Maximus initially broke new ground as a single system that handles interactive graphics and the compute-intensive number crunching required to simulate or render them -- resulting in dramatically accelerated workflows. With this second generation of Maximus, compute work is assigned to run on the new NVIDIA Tesla K20 GPU computing accelerator, freeing up the new NVIDIA Quadro K5000 GPU to handle graphics functions. Maximus unified technology transparently and automatically assigns visualization and simulation or rendering work to the right processor.

"With the parallel processing capabilities enabled by NVIDIA Maximus systems, we can now be 10 times more creative," said Alan Barrington, a designer at the Mercedes-Benz Advanced Design Center California. "With the NVIDIA Maximus-powered environment, we can continue to refine and improve our design, right up to the last minute. We can stay efficient and multitask. We no longer have to settle for less or to compromise on our creativity."

*NVIDIA Maximus: Boosting Graphics and Compute*
Powered by the Kepler architecture, the second generation of Maximus improves both the visualization and computation capabilities of the platform.

Key NVIDIA Quadro K5000 GPU features include:

 ● Bindless Textures that give users the ability to reference over 1 million textures directly in memory while reducing CPU overhead
 ● FXAA/TXAA film-style anti-aliasing technologies for outstanding image quality
 ● Increased frame buffer capacity of 4 GB, plus a next-generation PCIe-3 bus interconnect that accelerates data movement by 2x compared with PCIe-2
 ● An all-new display engine capable of driving up to four displays simultaneously with a single K5000
 ● Display Port 1.2 support for resolutions up to 3840x2160 @60Hz

Key NVIDIA Tesla K20 GPU features include:

 ● SMX streaming multiprocessor technology for up to a 3x performance per watt advantage
 ● Dynamic Parallelism and Hyper-Q GPU technologies for simplified parallel programming and dramatically faster performance

*Transforming Workflows Across Industries, From Jet Engine Design to Seismic Analysis*
Here are some examples of how Maximus is transforming workflows across industries:

 ● For the manufacturing and design industry, NVIDIA Maximus-powered workstations enable professionals to design without limits on size of assemblies, number of components, image quality, or resolution. Designers can use real-world physics, lighting, and materials during interactive design, and visualize with photo-realistic image quality.
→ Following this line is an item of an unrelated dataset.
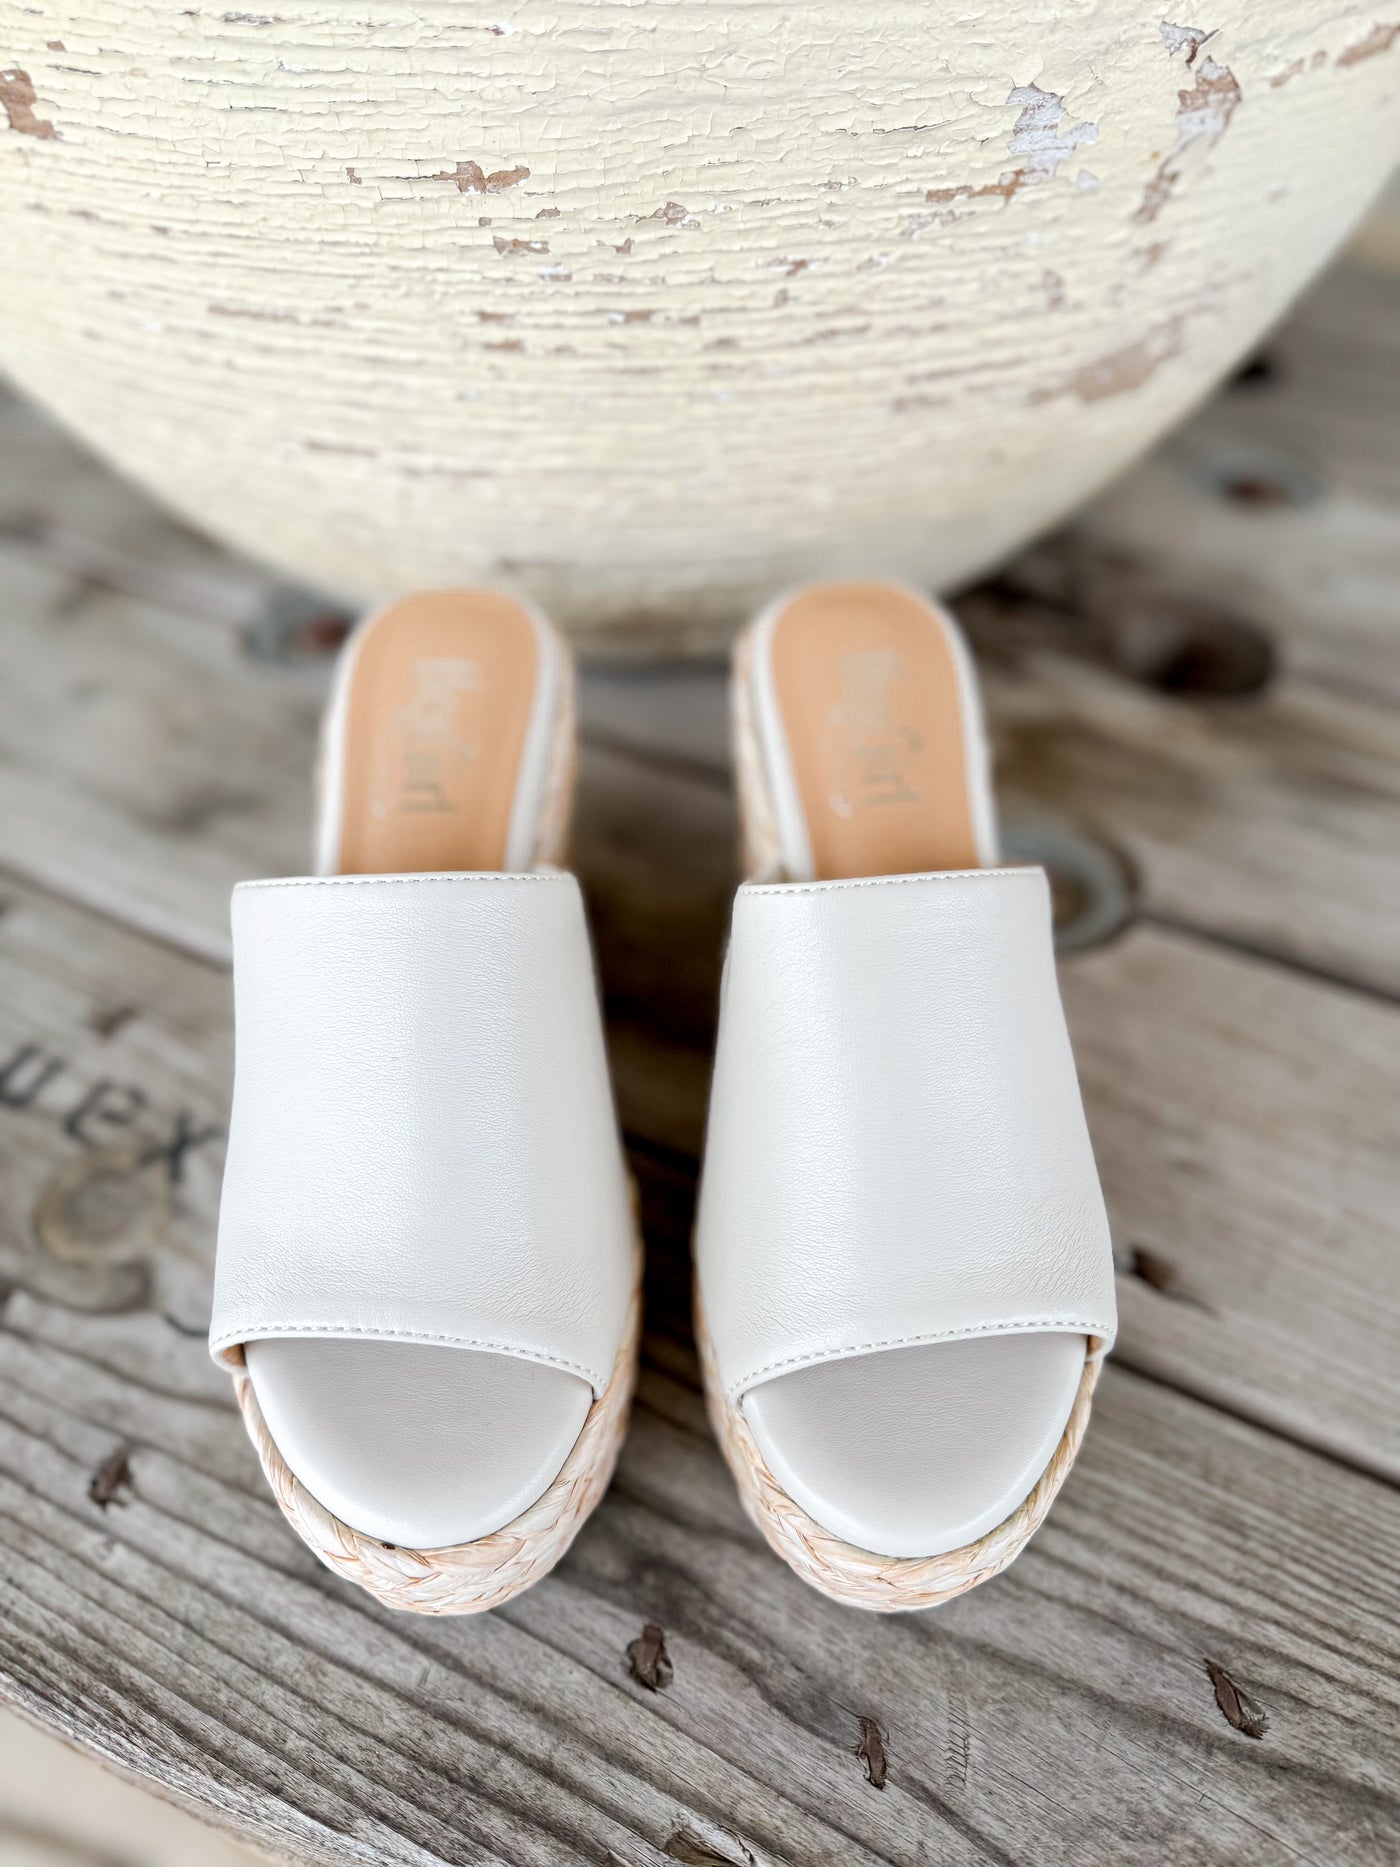 Corky's Solstice - Ivory Wedge

"RTT DeltaGen offers custom features such as rapid raytracing, rendering and scalability, automated layer rendering, and computational fluid dynamics visualization and analysis," said Peter Stevenson, CEO, RTT USA, Inc. "Maximus second generation is remarkable, forward-thinking technology that will further empower our clients by providing them with the ability to do interactive design and simulation, which will accelerate their time to insight of their engineering data so they can make final design decisions even faster."

 ● For the media and entertainment industry, Maximus gives digital content creators more freedom and creative flexibility. Film editors and animators can work in real-time on their most challenging projects, create complex simulations and interactive visual effects, and work in 3D texture painting workflows without being constrained by a maximum number of textures.

Chaos Group provides state of the art rendering solutions for visual effects, film, media and entertainment, and design industries. V-Ray RT is a powerful, interactive raytracing render engine optimized for NVIDIA CUDA architecture that changes the way 3D artists and visualization specialists approach the lighting and shading setup.

"We're constantly working to ensure we create the best tools for customer workflows," said Lon Grohs, vice president, Business Development at Chaos Group. "Our CUDA based V-Ray plug-in for Maya is one of our latest developments to meet the needs of the most demanding VFX and film studios around the world, and with a Kepler-based NVIDIA Maximus system, 3D artists will spend less time waiting and more time being creative."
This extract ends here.